Open source is playing a key role in the evolution of Generative Artificial Intelligence technologies, once again demonstrating its ability to drive innovation in emerging technology areas. A de facto standard for modern software solutions and cloud technologies, open technologies are now used by 90% of organizations worldwide. A trend that is also extending to the AI sector, which saw explosive growth in 2023-2024 and continues to expand rapidly.    

However, applying open source principles to generative AI raises unprecedented new challenges, such as adapting the definition of open source software to large language models (LLMs), which involve massive datasets, dedicated hardware and code. 

Despite these complexities, the open source ecosystem for GenAI is rapidly evolving in all areas of development; from runtime platforms and inference engines, to vector databases and development frameworks. Fact that shows how this approach is enabling communities and companies to collaborate to unlock the full potential of technologies that might otherwise be controlled by only a few players. 

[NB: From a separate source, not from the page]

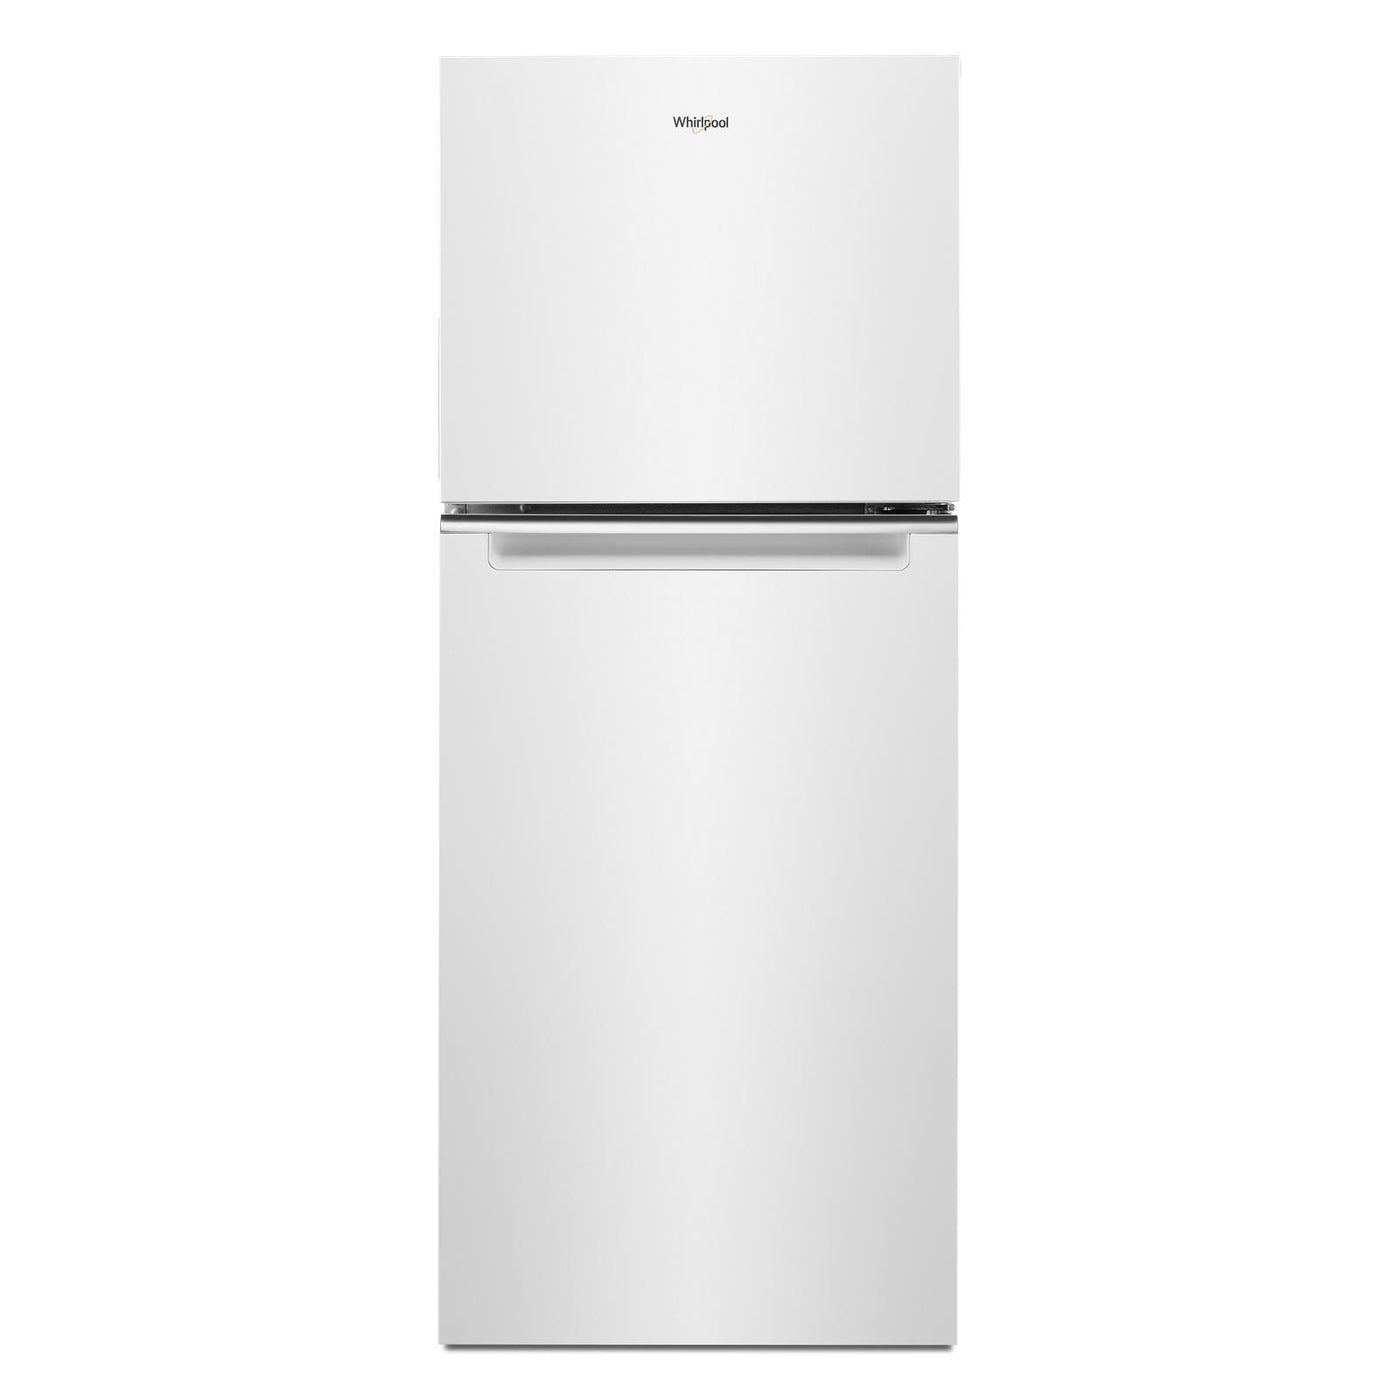 Whirlpool White Top Freezer Refrigerator (11.6 Cu.Ft.) - WRT312CZJW

How do developers feel about this ongoing revolution? The sentiment of the development world, the perception of the current AI-dev scene, appears to be positive, with 72% of developers stating a favorable or very favorable position regarding the use of AI tools in the development workflow.  

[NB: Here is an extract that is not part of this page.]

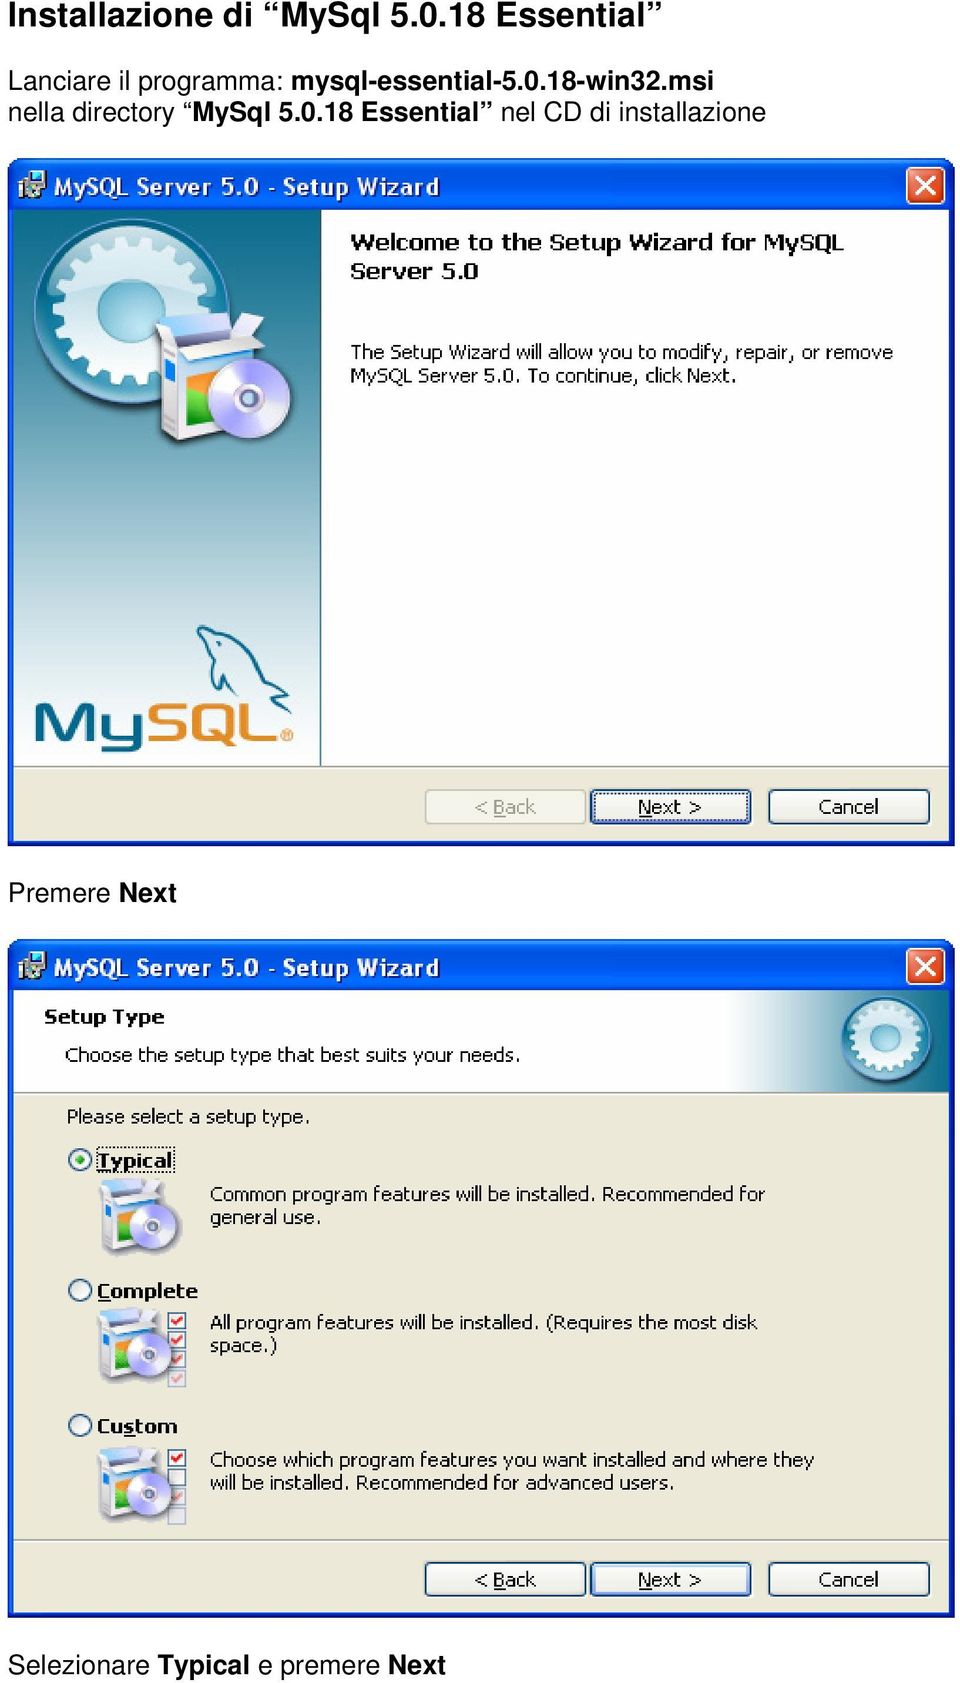 mysql-essential-5.0.18-win32.

So, let's see in more detail what areas of work are affected by new AI tools for developers, and in particular the open source tools analyzed by Paolo Mainardi, CTO of SparkFabrik, for Linux Foundation Newsroom.

What is Open Source AI?

Open Source AI represents an approach to Artificial Intelligence in which models, tools and datasets are publicly accessible, and developers and companies can contribute, modify and deploy technologies without having to depend on proprietary solutions.. This model follows open source principles already established in the traditional software industry, with the goal of making AI more transparent, collaborative, and accessible to a broad community of innovators.

Mozilla recently proposed a more structured definition of Open Source AI, emphasizing that “to be truly open source, an AI system must provide access and editing capabilities to all of its key components: code, data, and models”. Mozilla, Open Source AI Definition】 This point is crucial because many AI solutions, while claiming to be open, limit access to training datasets or model weights, creating a kind of “ half open source.”

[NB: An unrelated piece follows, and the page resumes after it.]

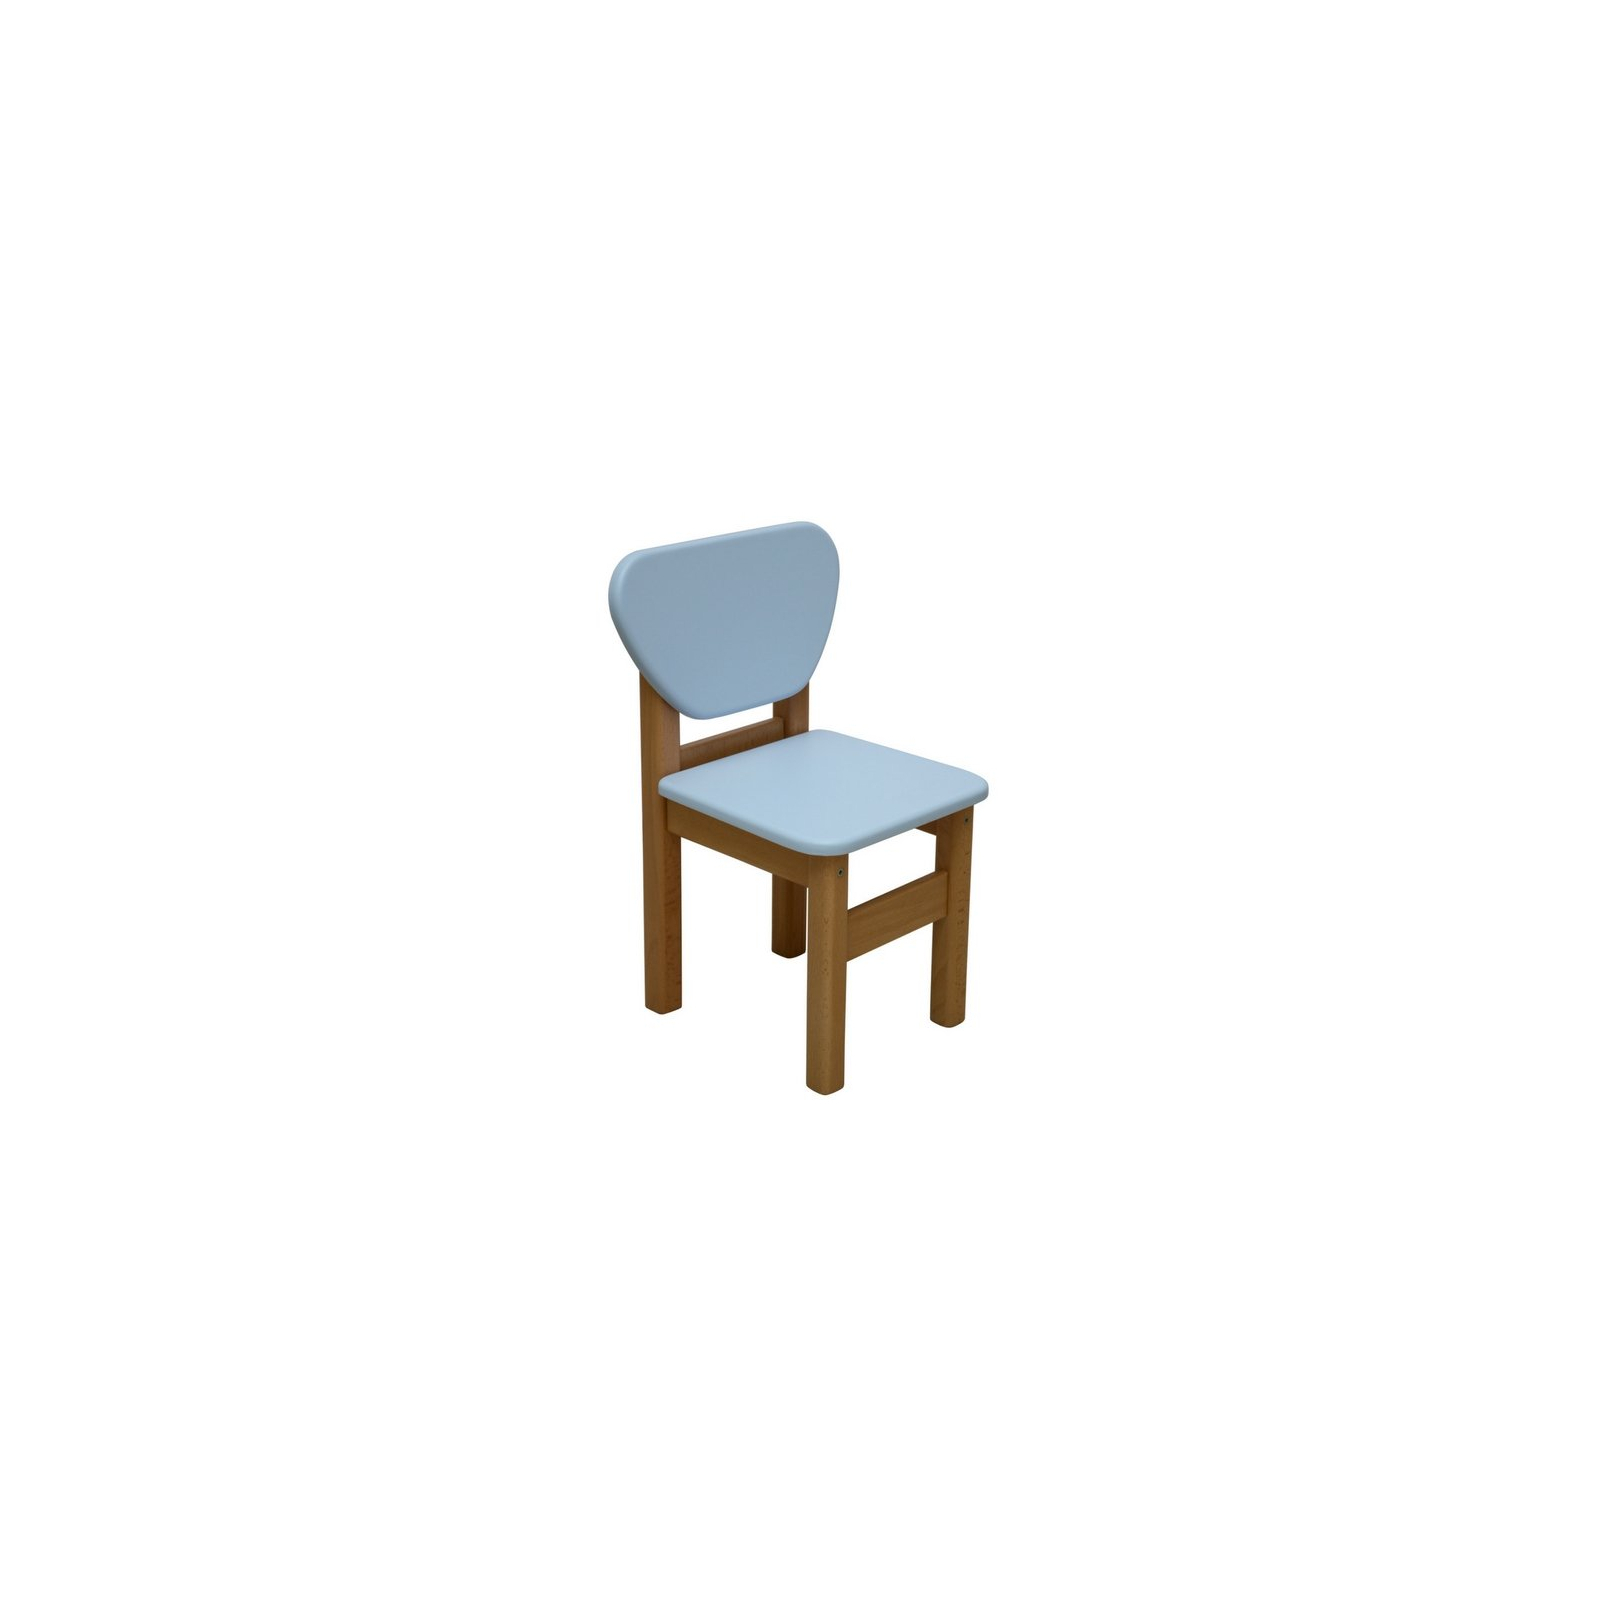 Дитячий стілець Верес МДФ Голубой (30.2.16)

McKinsey also highlights this problem, stating that “open source AI offers greater transparency and customization, but poses crucial questions about governance, security, and scalability”.【McKinsey, Open Source in the Age of AI】 The adoption of open AI models therefore requires a balance between innovation and risk management, especially considering emerging ethical and regulatory implications, such as the European AI Act.

A key contribution to the definition of open source AI also comes from the Open Source Initiative (OSI), which is working on a clear and structured definition. According to their most recent draft, "in order for an AI system to be considered truly open source, four fundamental freedoms must be guaranteed: freedom to use the system for any purpose, freedom to study and understand how the model works, freedom to modify it, and freedom to share it”.【OSI, Open Source AI Definition Draft】 However, OSI stresses that these freedoms must apply not only to the code, but also to the training data and model weights, elements often excluded by traditional open licenses.

The importance of open source AI lies not only in the democratization of the technology, but also in the key role it can play in fostering greater trust in artificial intelligence tools. Indeed, the ability to analyze, modify, and improve the code makes it possible to avoid situations in which a few players entirely control the AI landscape, with significant impacts on the security and competitiveness of the industry.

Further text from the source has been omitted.